=== Required work ===
Only the pictures are to be omitted; everything else in the listing must be reproduced exactly.

=== Recorded data ===
►
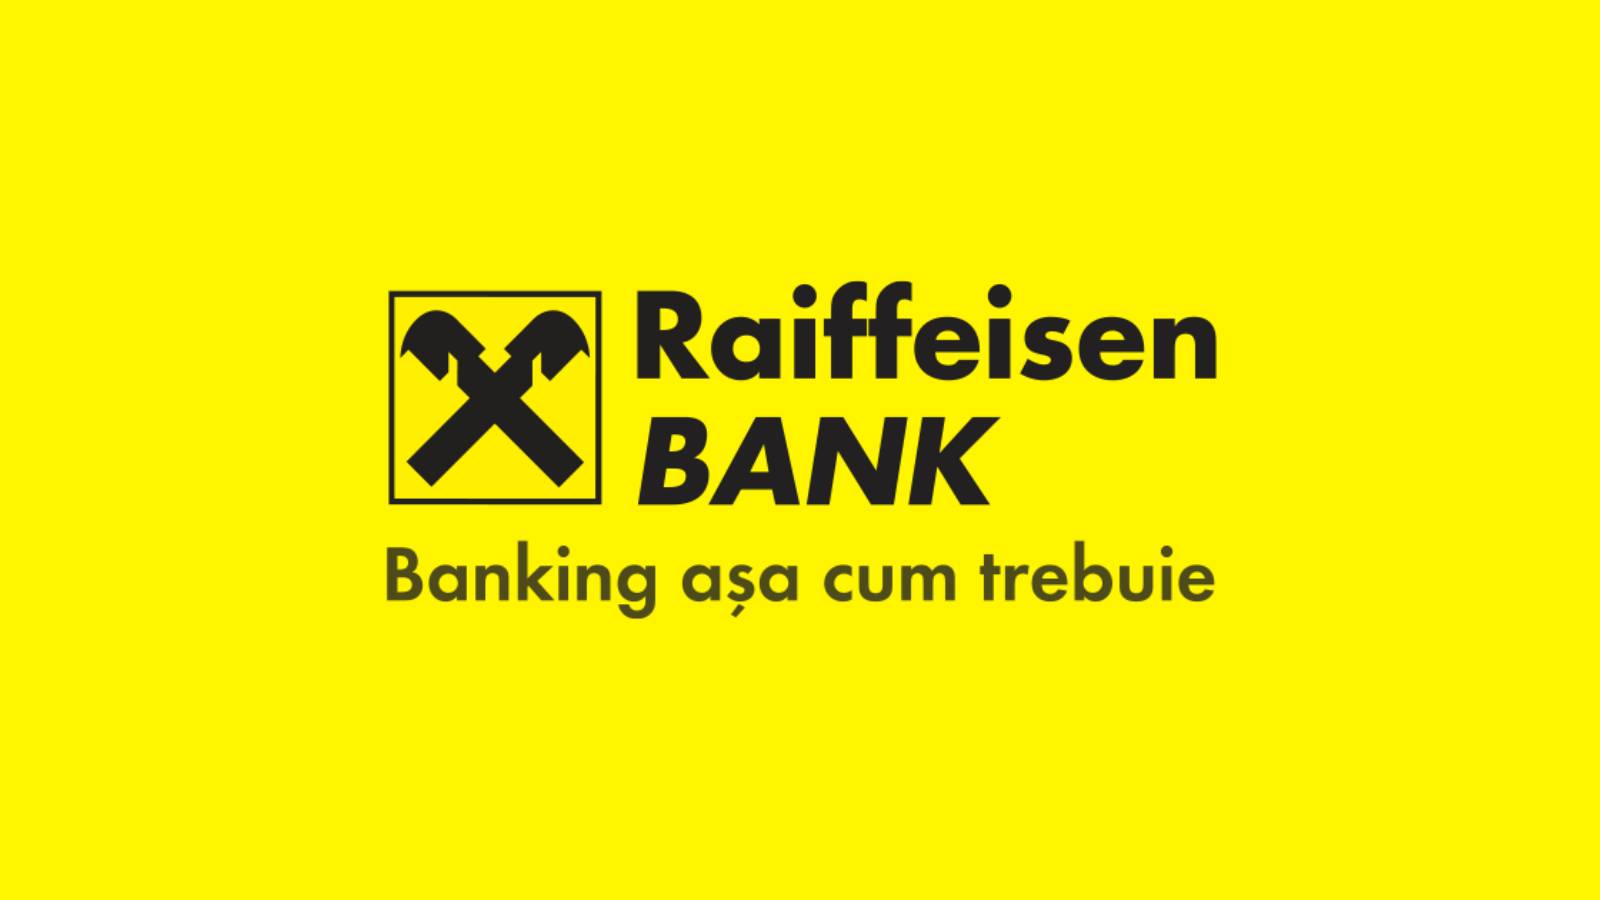 Raiffeisen Bank Ofera GRATUIT Clientilor Informarea Publicata Astazi
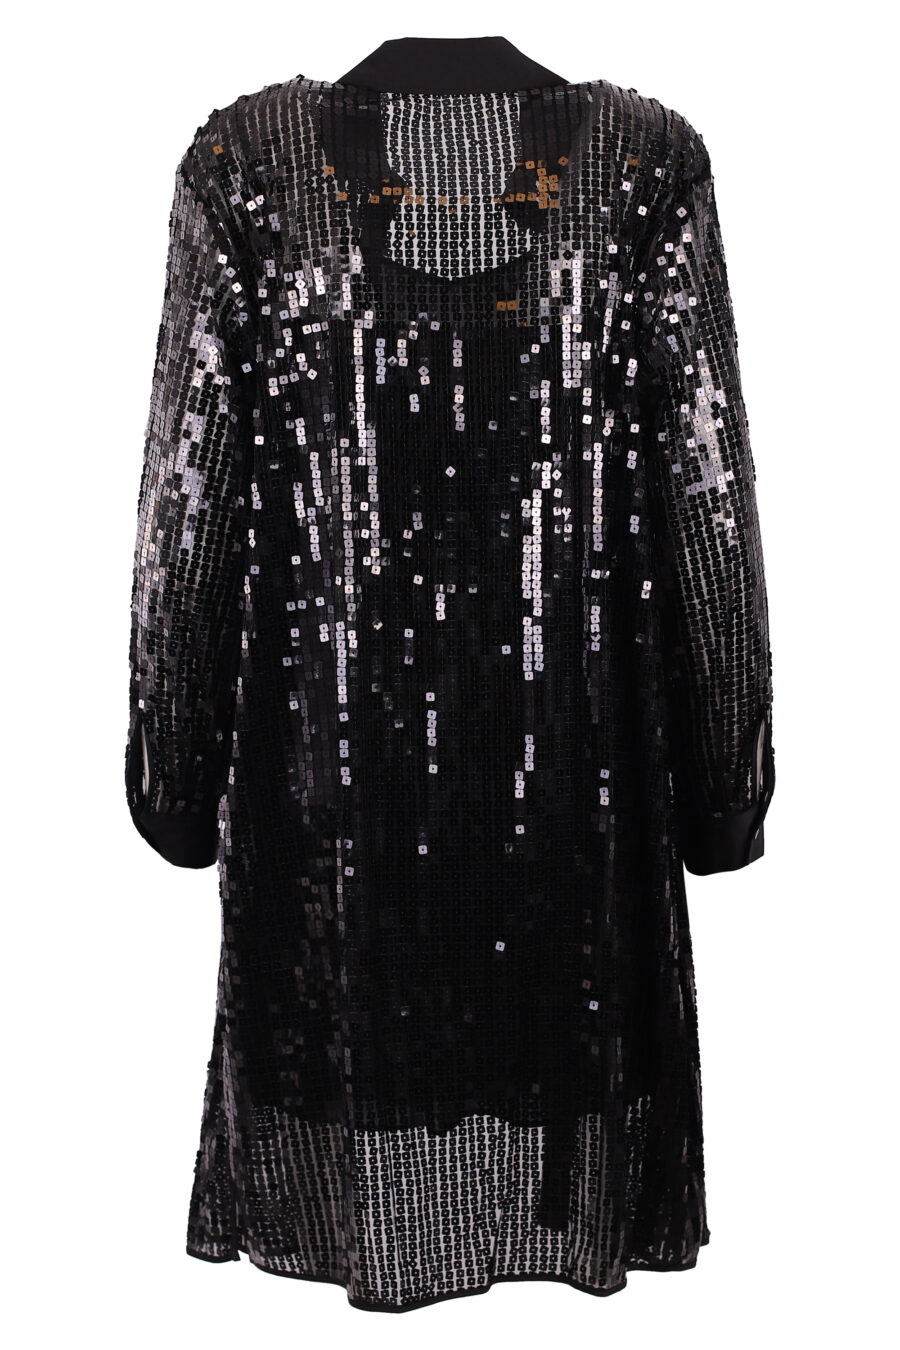 Robe tunique noire à paillettes - IMG 6264
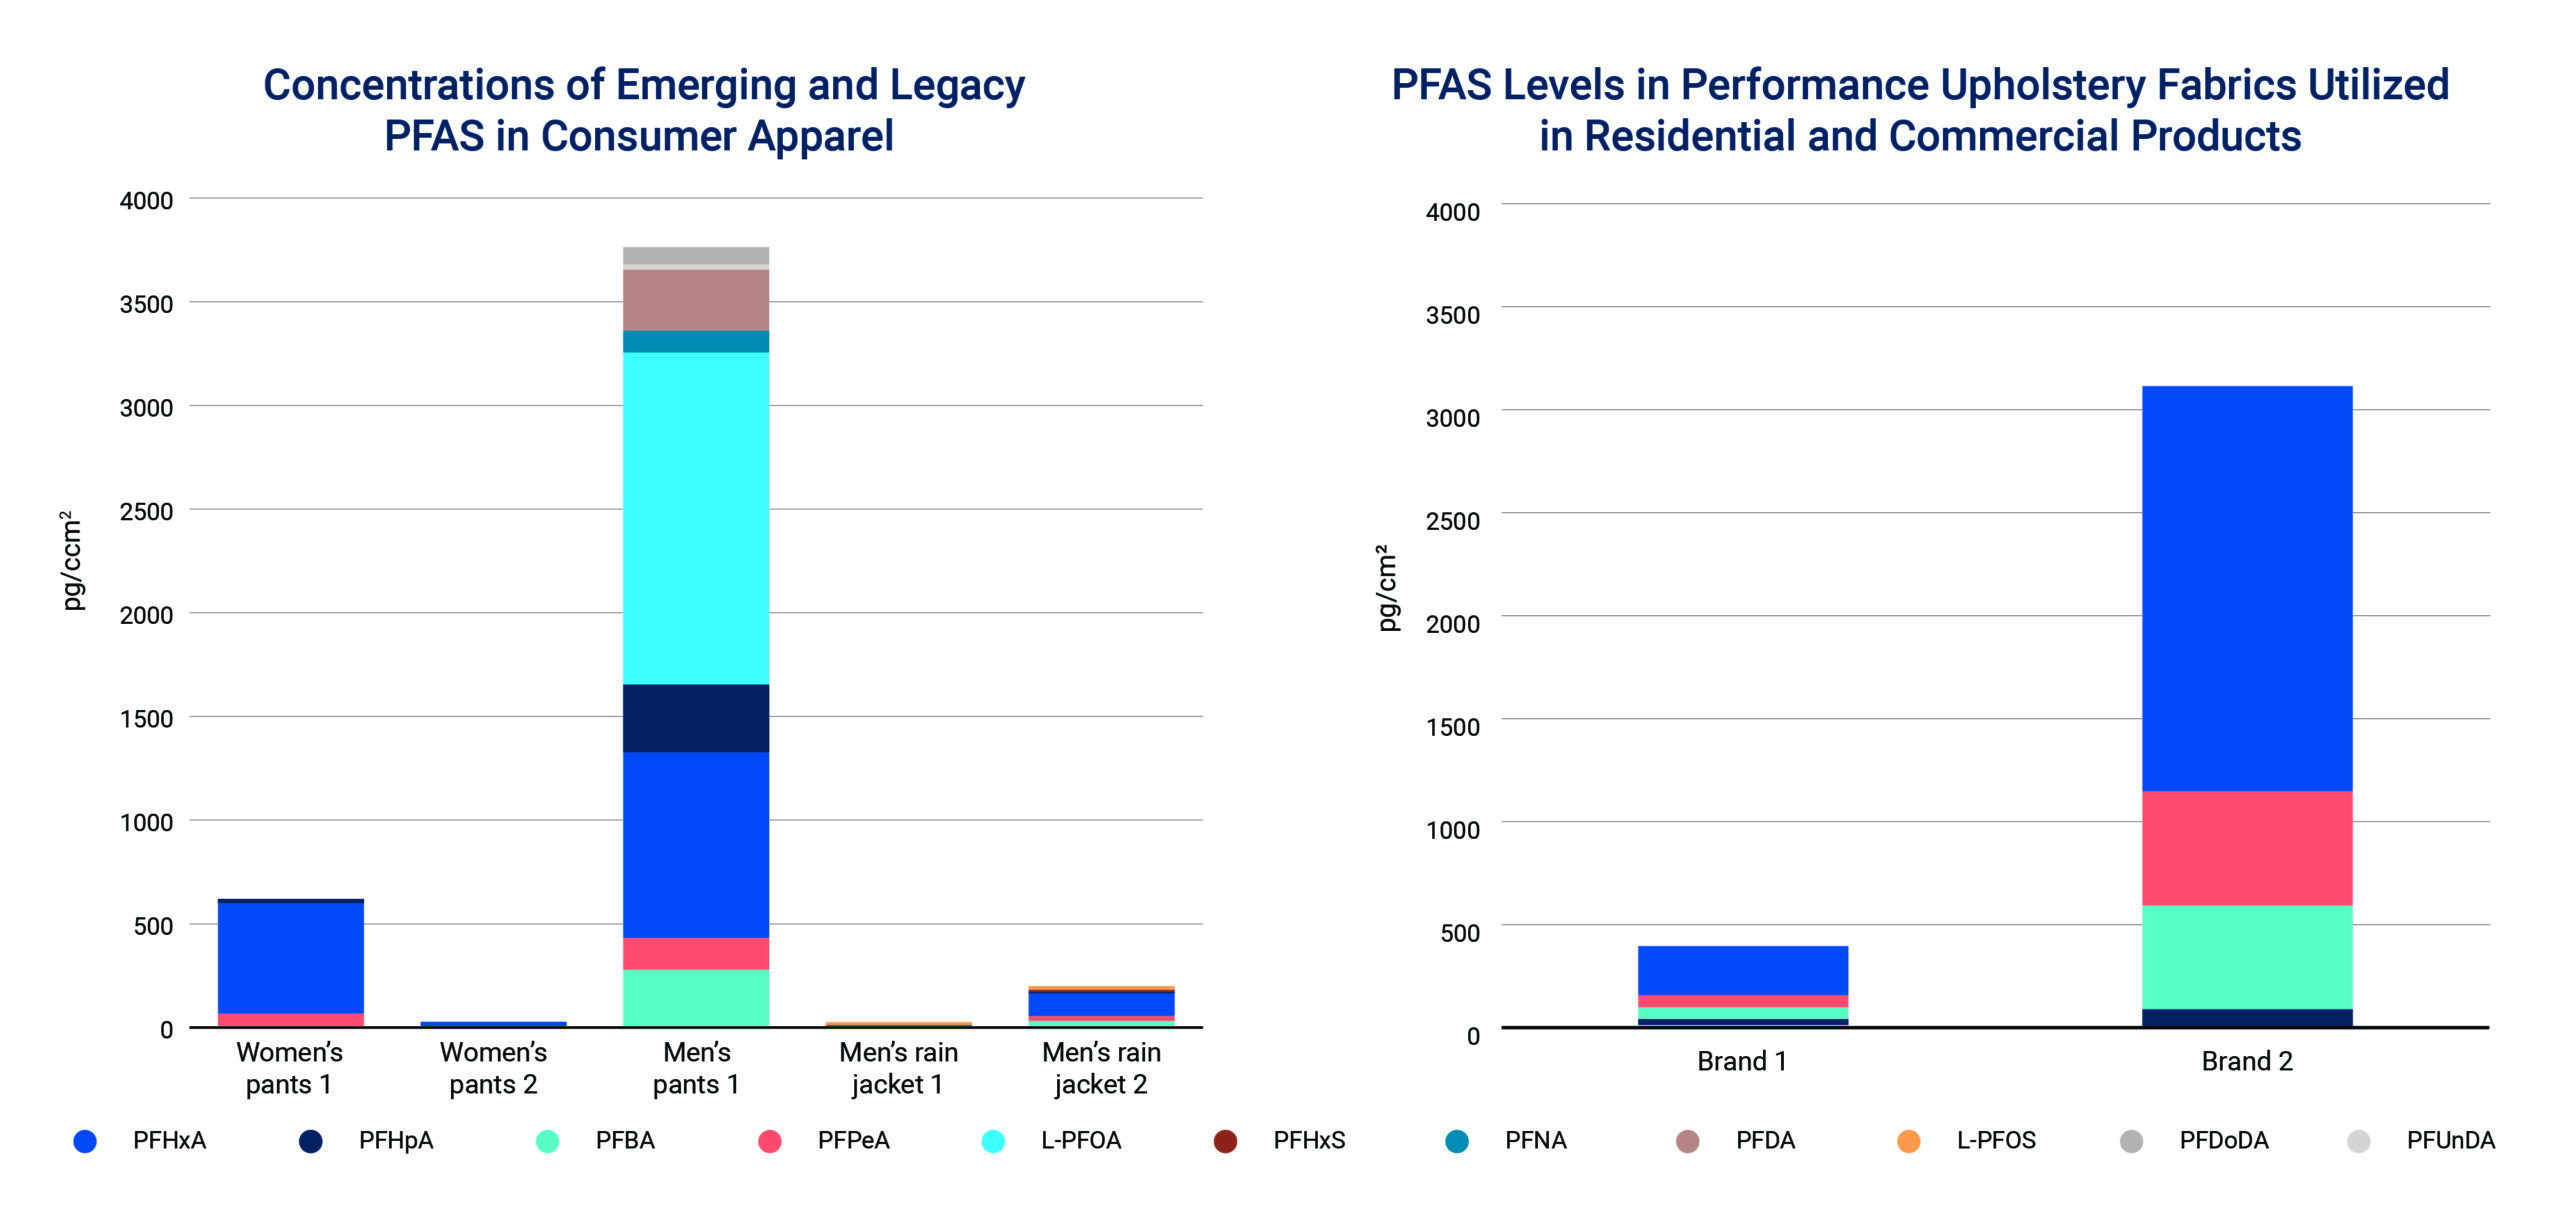 PFAS levels detected
◄
=== Response below ===
 Raiffeisen Bank Ofera GRATUIT Clientilor Informarea Publicata Astazi
 Robe tunique noire à paillettes - IMG 6264
 PFAS levels detected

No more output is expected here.